Patches and behavioral invigoration
Additionally, in training, we found that optogenetic stimulation of patches tended to enhance ongoing behaviors. ChR2 mice showed slightly increased press and entry rates during VI60 (Figure 2D+H), increased locomotion in open field (Figure 5C-E), and drove increased entry into the food port during laser probes (Figure 4D+F). This may be due to an enriched population of direct-pathway, D1 dopamine receptor-expressing neurons in patches (Miyamoto et al., 2018; Smith et al., 2016). Indeed, optogenetic stimulation of D1 populations enhances movement (Kravitz et al., 2010) through inhibition of basal ganglia output nuclei (Freeze et al., 2013).
However, a recent study suggests that striosomes can be further subdivided into functionally distinct populations, both of which predominantly express D1 receptors. Contrary to the current work, optogenetic stimulation of Teashirt family zinc finger 1 (Tshz1) expressing neurons in striosomes drives aversion and suppression of movement. On the other hand, optogenetic activation of prodynorphin expressing neurons, which are also enriched in patches drives reinforcement and activation of movement (Xiao et al., 2020). Based on this, it is possible that our Sepw1 NP67 line overlaps more closely with prodynorphin-Cre mice, which is supported by previous work (Smith et al., 2016). Future studies will undoubtedly move toward further subdividing diverse neuron populations in patches and matrix to determine their role in behavioral regulation.

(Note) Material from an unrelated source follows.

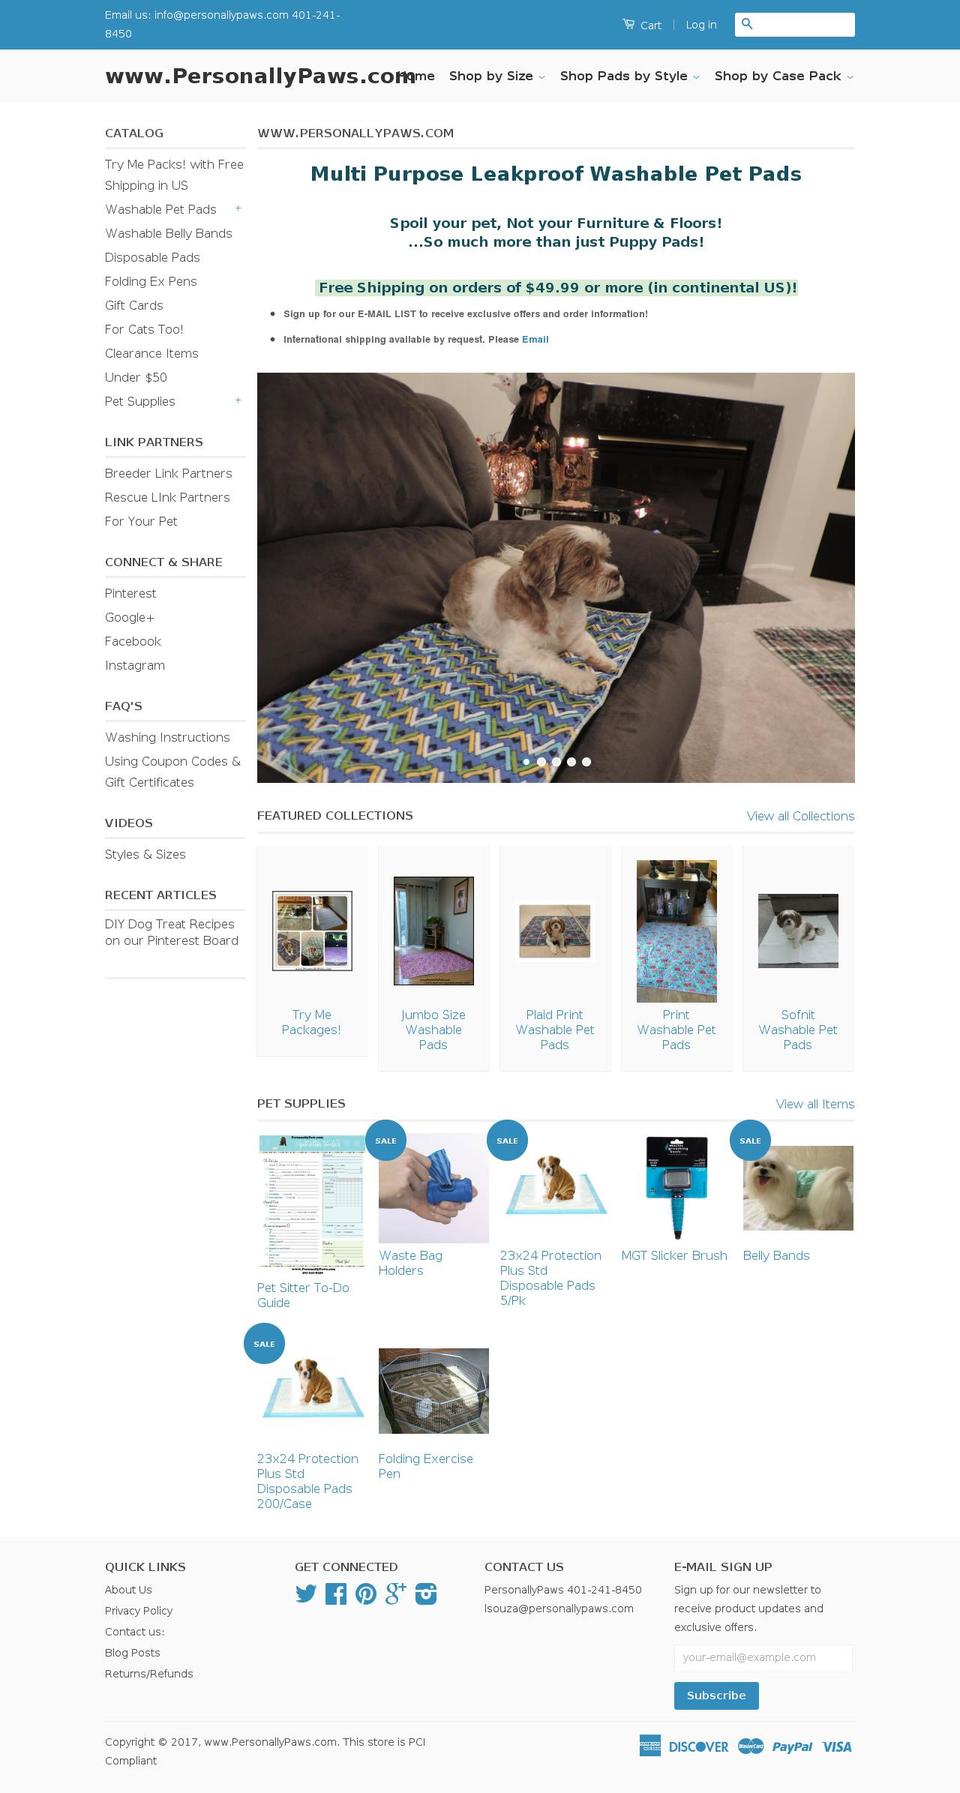 Refresh Shopify theme site example personallypaws.com
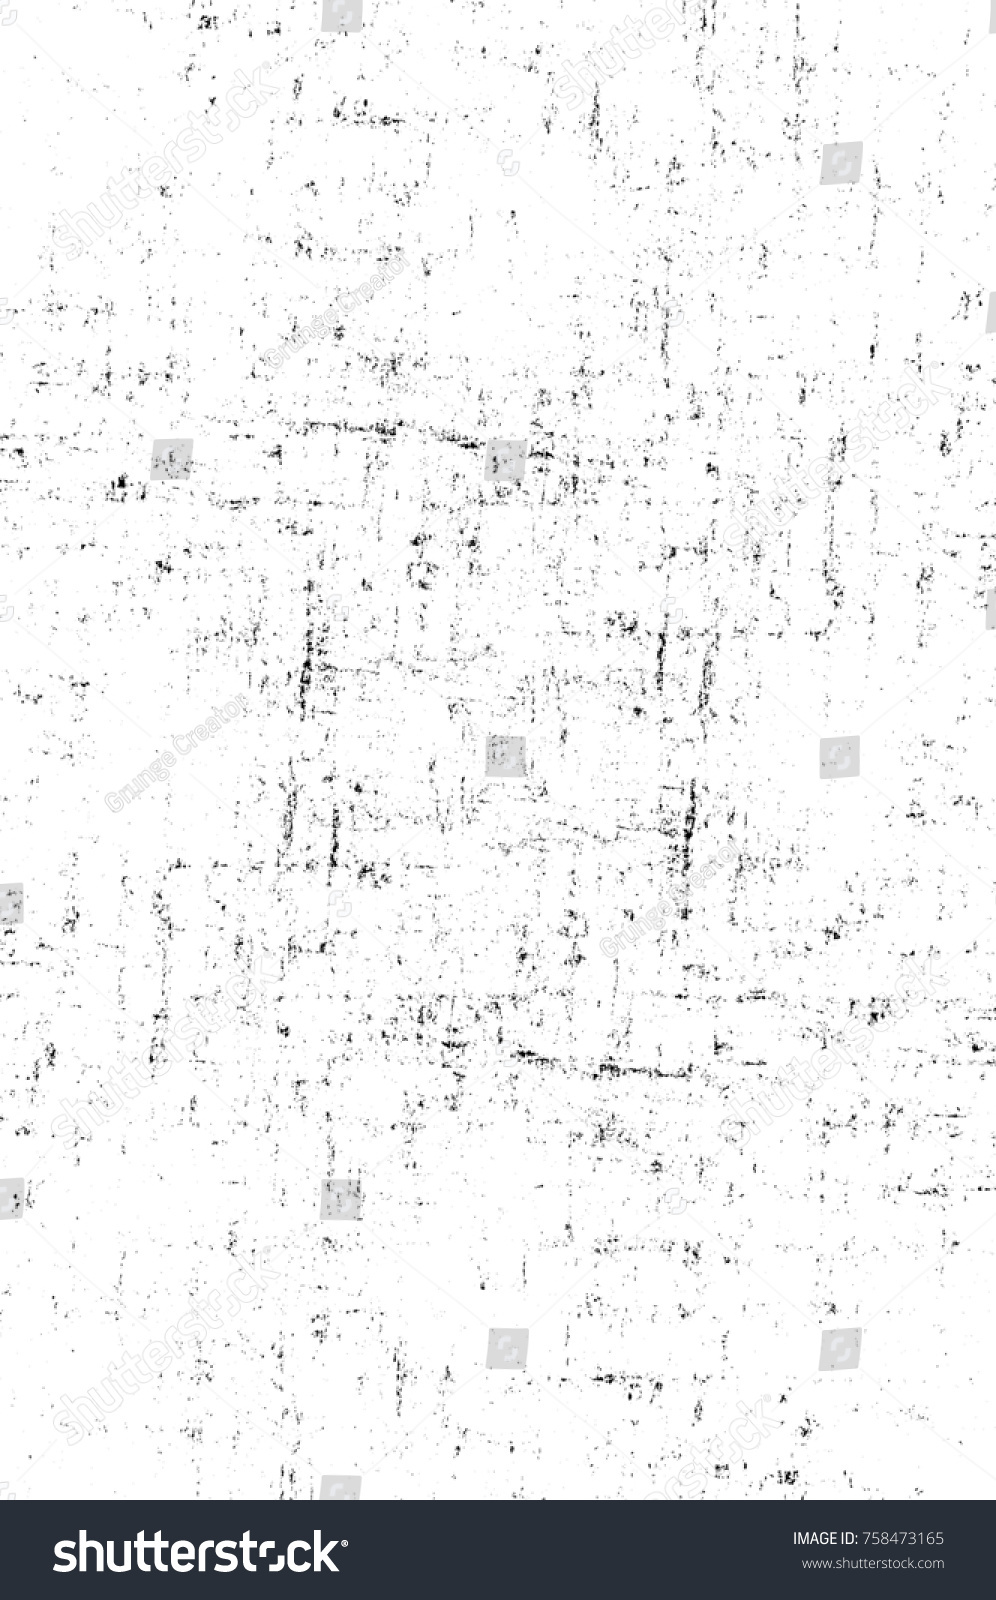 Grunge black and white seamless pattern. Monochrome abstract texture. Background of cracks, scuffs, chips, stains, ink spots, lines. Dark design background surface. Gray printing element #758473165

Patch-dopamine interactions
This work provides new insight into the relationship between striatal patches and dopamine release, demonstrating that optogenetic stimulation of patch projections suppresses dopamine release in the dorsal striatum (Figure 6). Previous studies have supported this notion demonstrating anatomical (Crittenden et al., 2016; Fujiyama et al., 2011; Gerfen, 1985; Watabe-Uchida et al., 2012) and functional connectivity (Evans et al., 2020; McGregor et al., 2019). Patches could therefore regulate habitual behavior by sculpting dopamine release across learning. Indeed, dopamine responses transition from ventromedial to dorsolateral striatum as behaviors become well learned (Willuhn et al., 2012), and patches could be involved in gating of dopamine release early in learning. Moreover, patches could provide feed-forward inhibition to dopamine neurons, which may facilitate the activity shift from reward to cue during Pavlovian conditioning (Schultz, 1998), and which could drive negative dopamine responses during reward omission (Watabe-Uchida et al., 2017). Very recent work suggests that patch-dopamine interactions are also reciprocal, as dopamine differentially modulates patch neuron activity relative to matrix neurons (Prager and Plotkin, 2018). Based on this proposed role of patches regulating dopamine release and habitual behaviors, it will be of great interest to explore how patches contribute to pathological compulsive states including drug addiction and Obsessive Compulsive Disorder.
Materials and methods
Key Resources Table
Animals
All experiments were in accordance with protocols approved by the Oberlin College Institutional Animal Care and Use Committee. Mice were maintained on a 12 hr/12 hr light/dark cycle and unless otherwise noted, were provided ad libitum access to water and food. Experiments were carried out during the light cycle using 41 heterozygous Sepw1-Cre+/- mice ranging from 2 to 6 months of age, which were generously provided by Charles Gerfen (National Institutes of Health) and Nathanial Heintz (Rockefeller University). These mice preferentially express Cre-recombinase in striatal patches (Gerfen et al., 2013; Smith et al., 2016, Figure 1C+D).
Reagents
Isoflurane anesthesia was obtained from Patterson Veterinary (Greeley, CO, USA). Sterile and filtered phosphate buffered saline (PBS, 1X) was obtained from GE Life Sciences (Pittsburgh, PA, USA). Unless otherwise noted, all other reagents were obtained through VWR (Radnor, PA, USA).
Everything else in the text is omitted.